_Task objective:_
From the first line to the last, copy the material word for word; pictures stay out.

_The data:_
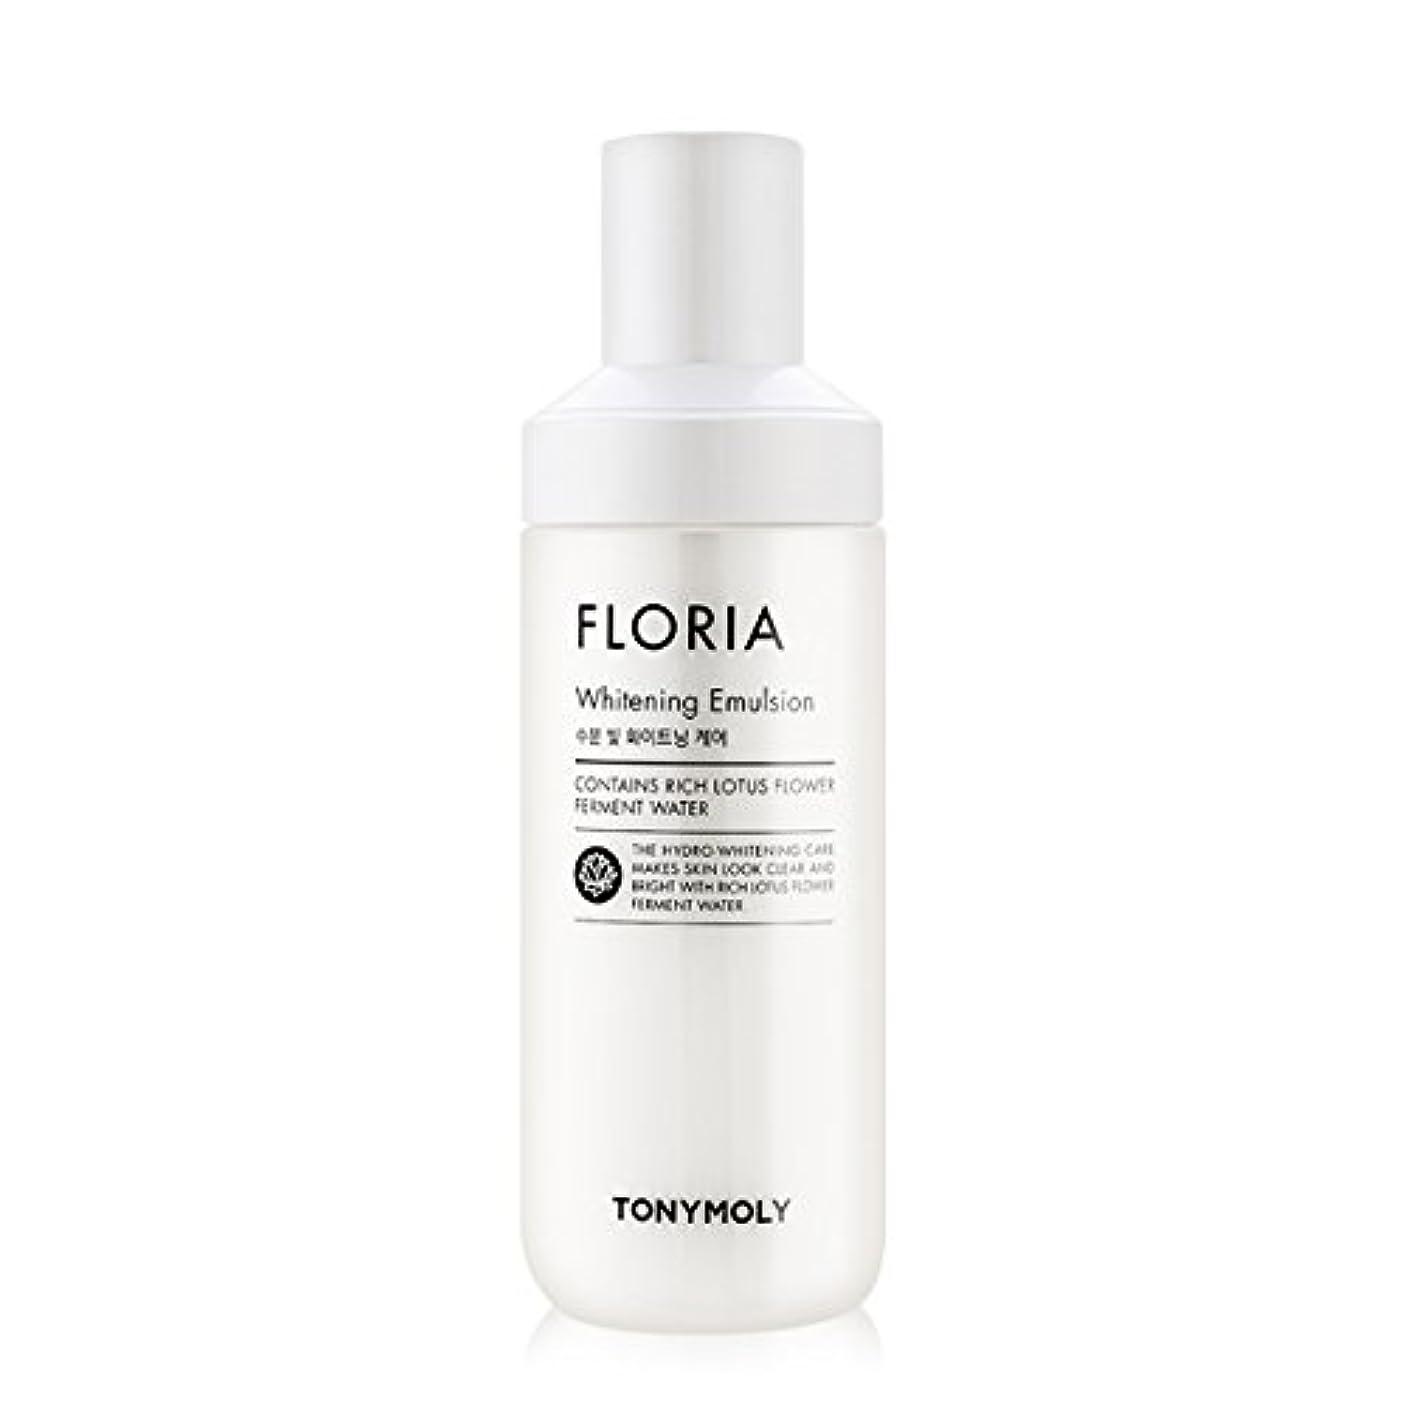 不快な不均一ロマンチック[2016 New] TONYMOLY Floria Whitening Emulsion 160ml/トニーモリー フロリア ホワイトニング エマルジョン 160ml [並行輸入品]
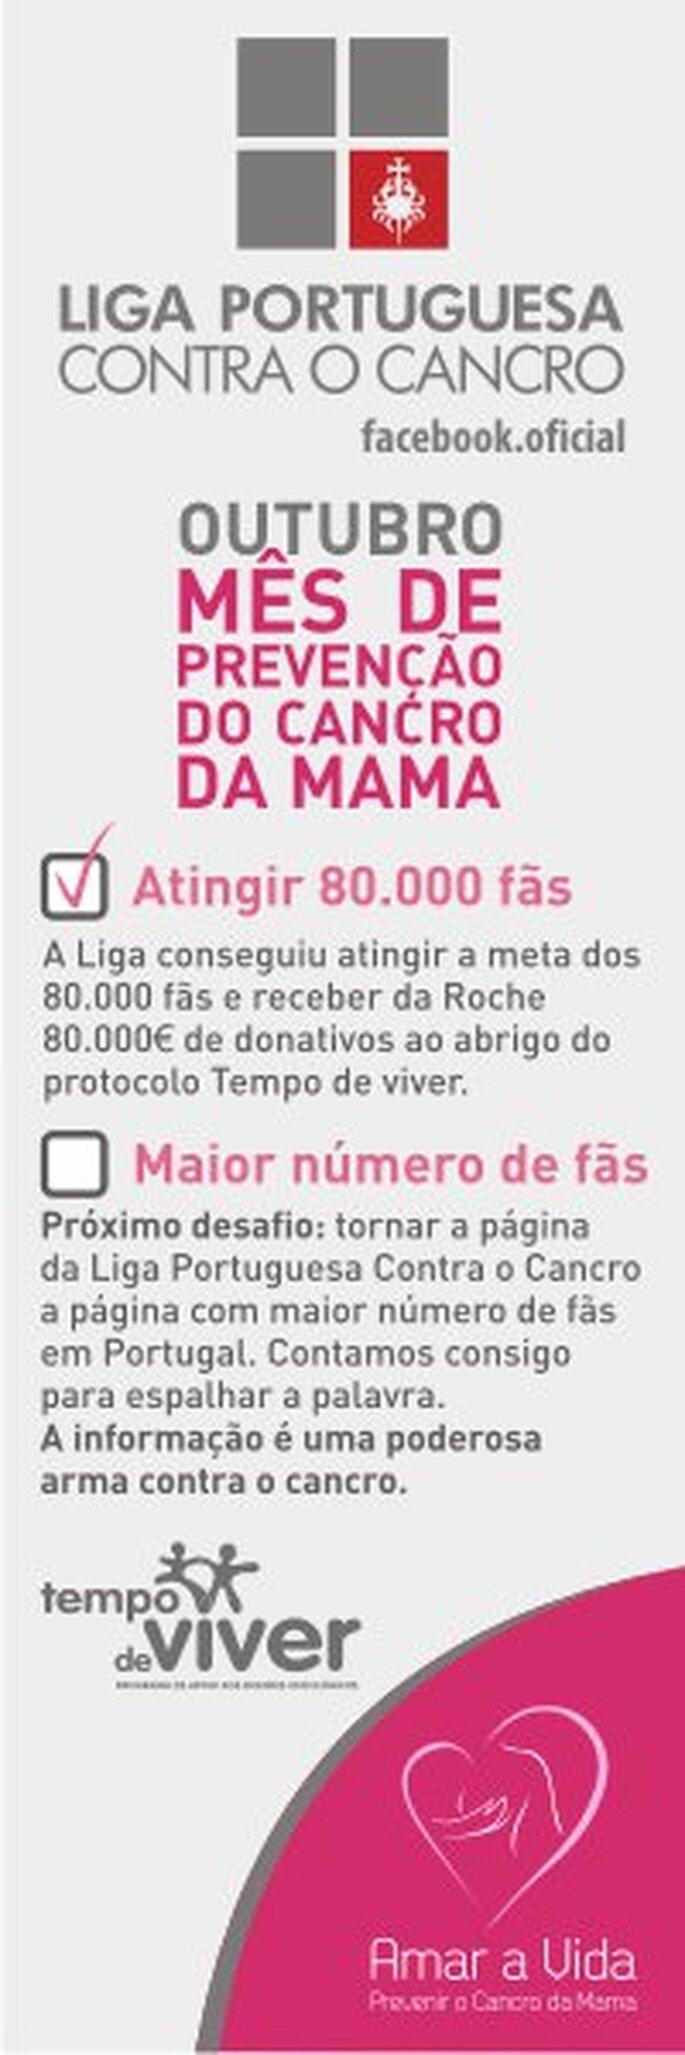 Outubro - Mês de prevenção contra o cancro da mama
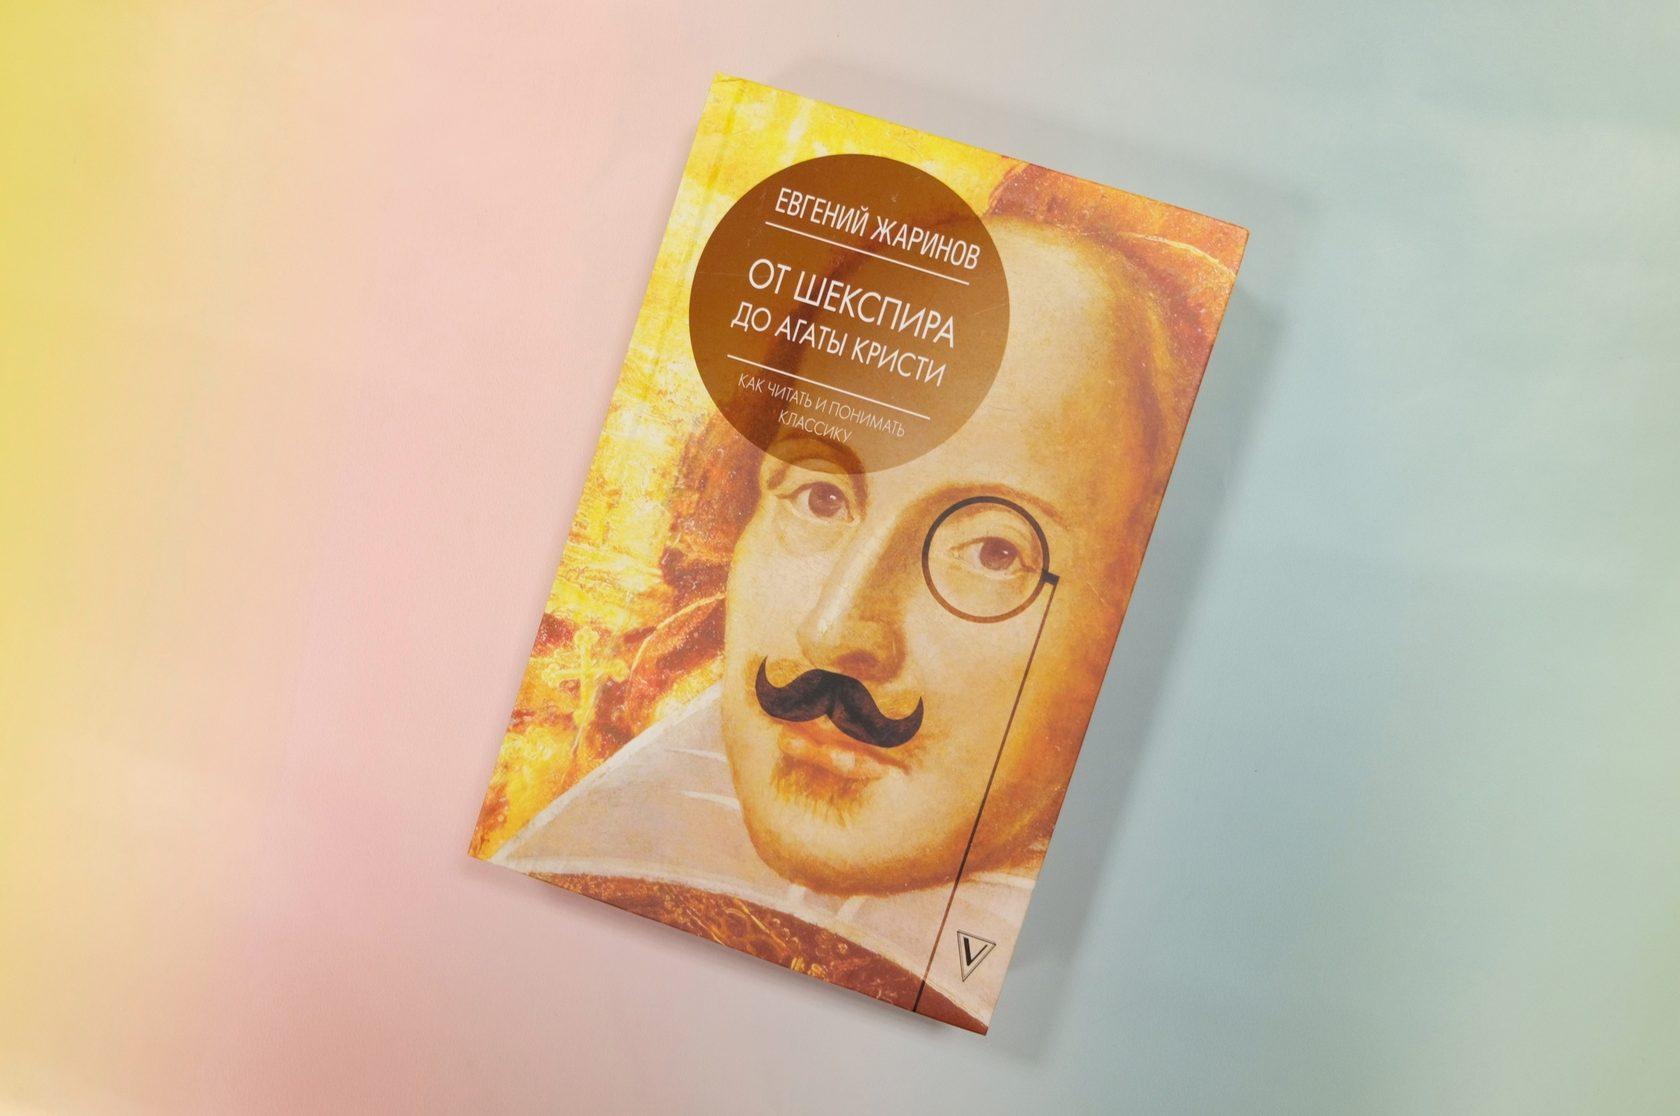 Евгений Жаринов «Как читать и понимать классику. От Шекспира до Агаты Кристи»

_Task answer:_
 不快な不均一ロマンチック[2016 New] TONYMOLY Floria Whitening Emulsion 160ml/トニーモリー フロリア ホワイトニング エマルジョン 160ml [並行輸入品]
 Outubro - Mês de prevenção contra o cancro da mama
 Евгений Жаринов «Как читать и понимать классику. От Шекспира до Агаты Кристи»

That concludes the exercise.